Key player: Nneka Ogwumike dominates the boards on both ends

Nneka also finished with a double-double with 18 points and a team-high 15 boards, but her rebounding stood out: she had a remarkable team-high offensive rebounding percentage of 41.21% and tied for a team-high defensive rebounding percentage of 29.15% with Kayla Pedersen (who had 12 defensive rebounds in more minutes). With the exception of one offensive rebound, it was all the Ogwumike sisters attacking the boards.

"They're just a unique combination of strength, obviously skill, but the quickness with which they attack the ball on the boards is just phenomenal," said Graves. "We just, honestly, we just, we're not there yet to be able to matchup with these kind of teams that just have that kind of strength and athleticism inside."

But what stood out as most impressive - as always with Stanford - was just how well they executed their game plan.

Tara VanDerveer showed why she's WBCA Coach of the Year

After getting roughed up on the boards on both ends and failing to hit shots in the second half, it might seem reasonable to suggest that Gonzaga simply lost their confidence.

"Oh, it's a funny game, this game," said Graves. "And a lot of it is confidence. If you're not seeing the basketball go through, then sometimes you tighten up. It just happens. I'm not saying that they did, just as coach you look at that you know wonder, because typically we are a good shooting basketball team. We're not a 3 point shooting team, but we're a good shooting team and they just didn't go."

Whether or not Gonzaga did lose their shooter's confidence, Stanford's ability to make those halftime adjustments that systematically exploit weaknesses and minimize strengths was the key to this game. The combination of athleticism and skill in the post was an obvious advantage for the Cardinal that they exploited. And although Vandersloot accounted for a heroic 70.56% of Gonzaga's total statistical production in her final game in Spokane, Stanford held her to 4 points on 1-for-7 shooting which was a large part of Gonzaga's poor second half effort.

Stanford didn't really even play their best game - during that second half they committed turnovers on nearly 30% of their possessions while Gonzaga only committed one, a differential that is uncommonly negative for the Cardinal. All that shows is that this isn't a team that merely overwhelms opponents with talent - they are among the best prepared teams in the nation and that allows the players to implement the adjustments their coaching staff identifies as worthy of making in the moment.
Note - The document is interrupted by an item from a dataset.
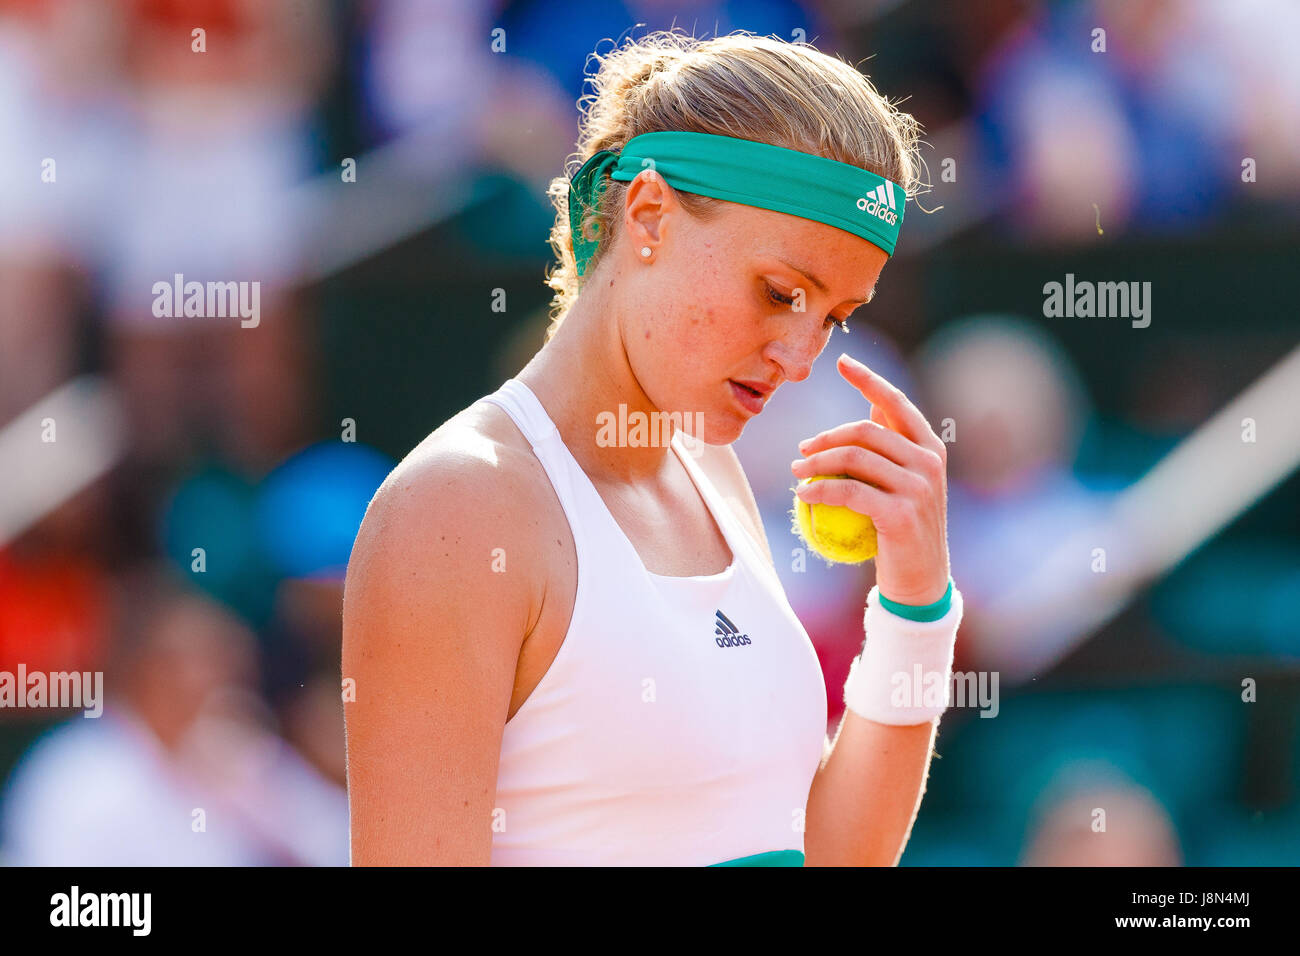 Paris, France, 29th May 2017, Tennis French Open: French player Kiki Mladenovic during her first round match at the 2017 Tennis French Open in Roland Garros Paris. Credit: Frank Molter/Alamy Live News Stock Photo

"We did go over kind of our zone assignments in practice and in fact today at practice the time ran out, with 60
minutes and I just said, all right, we're going to walk through that and be prepared for it," said VanDerveer. "So we walked through it without a ball and I just said, you know, we got to be ready for it. And we have been working on our
zone a little bit I think especially coming into the NCAA tournament knowing maybe not being as familiar with players and being able to spend as much time scouting, so it worked out really well."
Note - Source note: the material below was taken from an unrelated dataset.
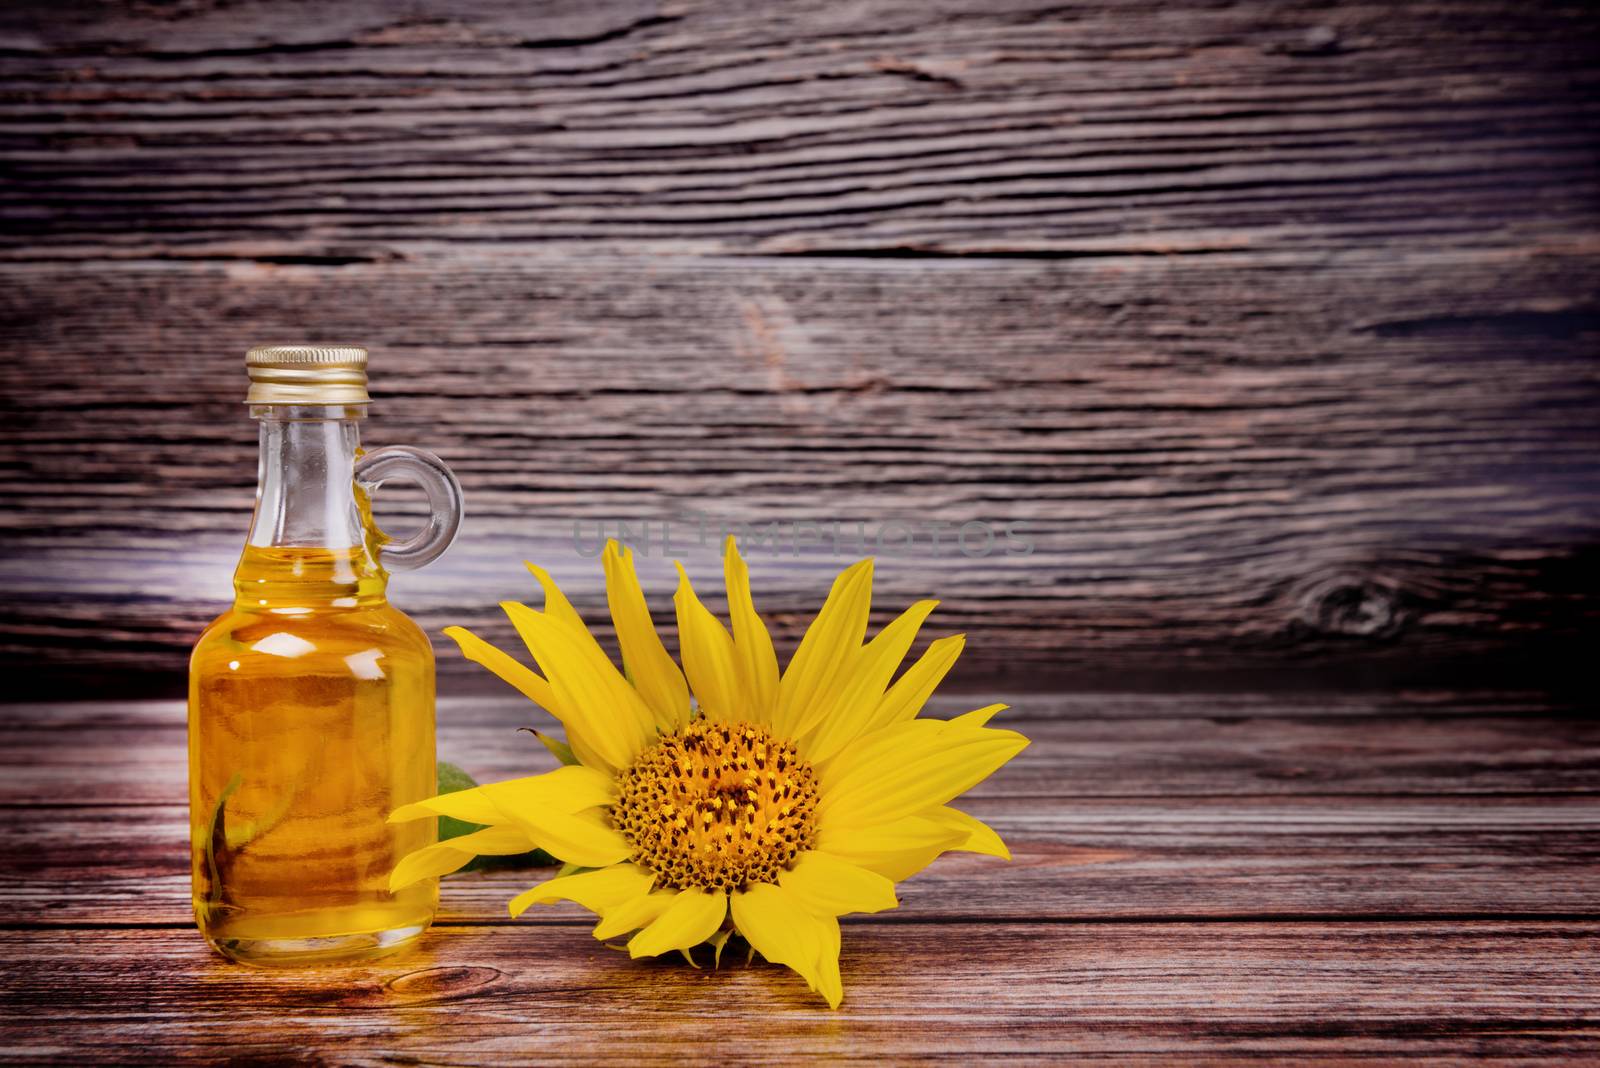 Glass bottle with sunflower oil and flowers on wooden background. Studio shot. by leonik

But the game also shows how dangerous an athletic, skilled, and versatile roster can be in the hands of a coach who is arguably one of the best basketball minds our nation has seen.

Even after Stanford beat UConn, they weren't granted the privilege of being #1 in the nation. But games like last night's game show what makes them so tough - this is a disciplined team that is not nearly as methodical and far more versatile than Stanford teams of years past, in large part because of the addition of Chiney but also because they have VanDerveer on the bench constantly making sure that they're not only striving to play their best, but also making their opponent look their worst.